One of the decisions made in this code was to use Java 5 collections and it shows some simple use if template collections. This permits you to avoid casting results retrieved from containers like List and HashMap, for example. The code also hides the fact that the official Google API returns an array of pages in a result. We map this to a List (actually List<SearchResultPage>). We prefer the List and Maps of Java over such things as arrays, as they can be manipulated with message syntax, rather than the more specialized array syntax. The concepts of contiguous and linked structures can be taught with these, while not requiring additional syntax. If the course stresses object-oriented programming, then the students will be familiar with message passing so we just capitalize on this.

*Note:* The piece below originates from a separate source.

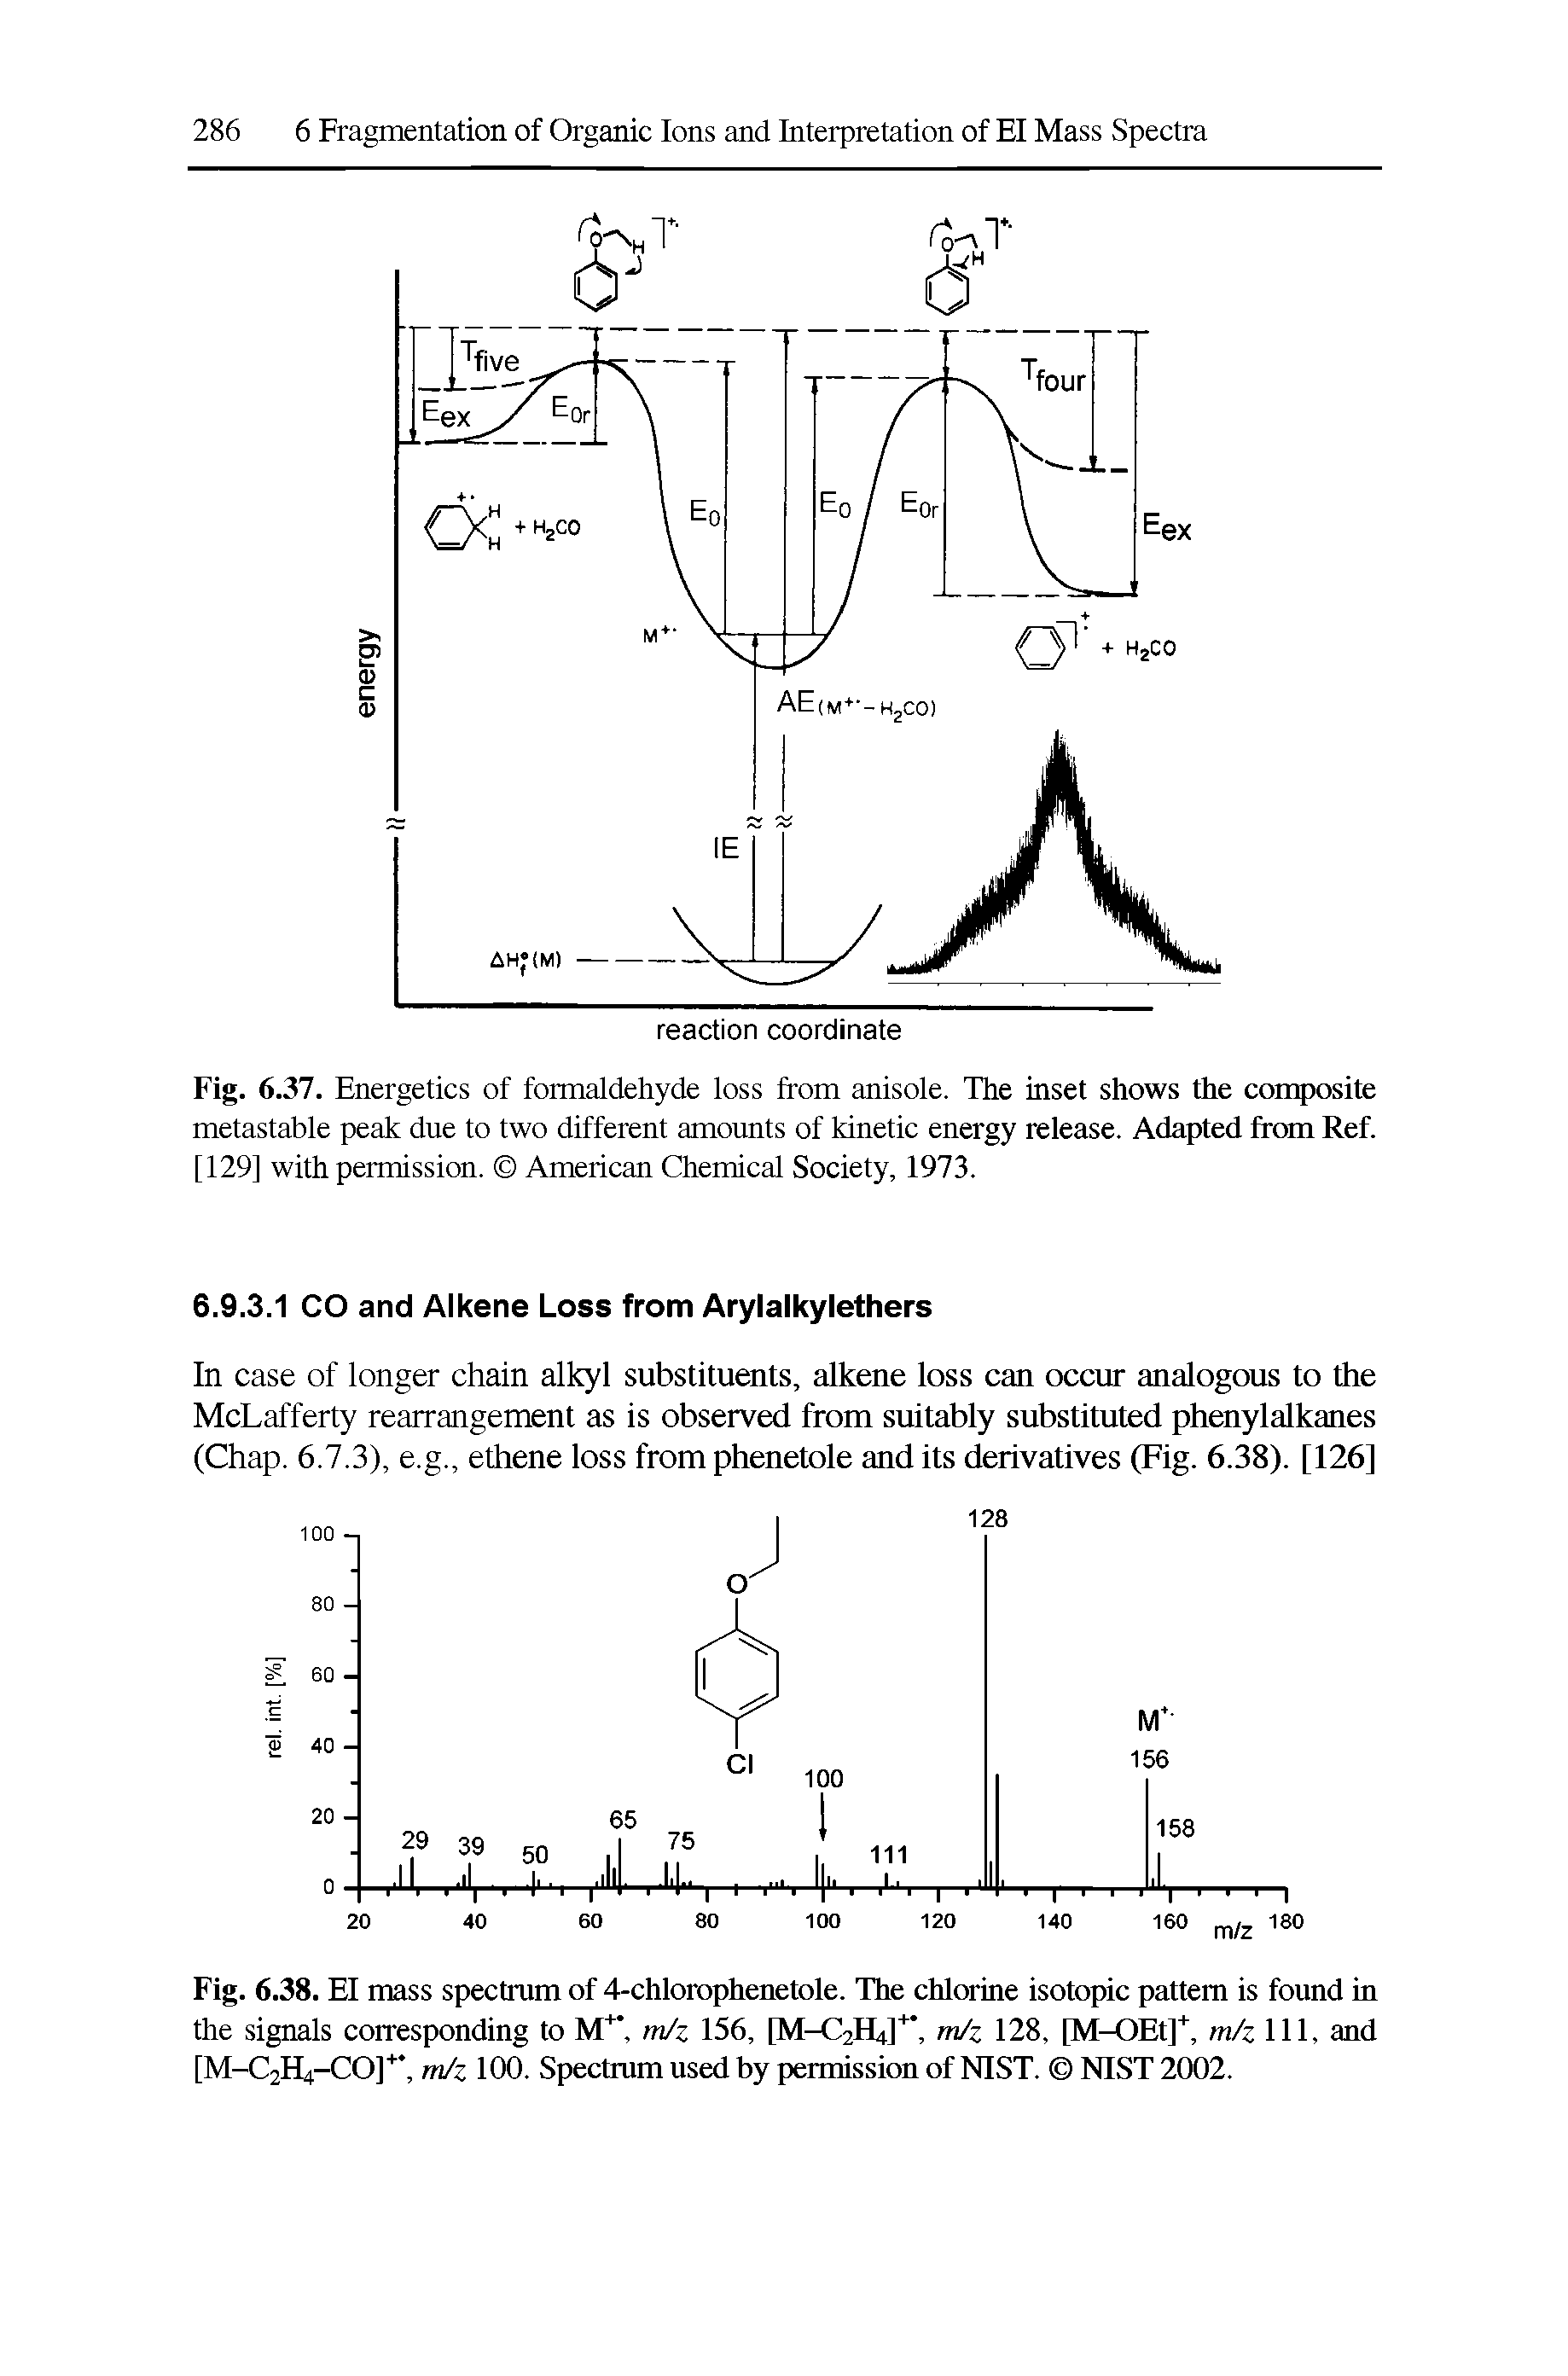 Fig. 6.37. Energetics of formaldehyde loss from anisole. The inset shows the composite metastable peak due to two different amounts of kinetic energy release. Adapted from Ref. [129] with permission. American Chemical Society, 1973.

Since we are filtering the result pages anyway we also filter out any malformed urls that might be returned so that they don't appear in the result list.

The code shows a use of Abstract Classes, but not interfaces. Polymorphism is demonstrated in many ways, but primarily through the buildSearchString method of the Query classes. The Query class provides quite a lot of functionality that is used unchanged in the subclasses. Also note that subclasses don't extend the interface of the Query superclass. They implement exactly the same methods. The implication is that the only type we need for reference variables to Query objects is the Query class itself. All subclass objects implement exactly the same set of methods, though in different ways, perhaps.

We use static methods in a few places. We have minimized this, however, and don't consider it part of the mainstream Java use at this level.

We need to trap exceptions in a few places. In one place we have transformed an Exception (MalformedURLException) into a runtime exception so that it may be trapped, but need not be.

Public features are generally provided with JavaDoc comments.

We provide JUnit test classes for much of what is here, but have left some undone as an opportunity for exercises. There is also a suite class (AllTestSuite) that runs all the tests in a single execution.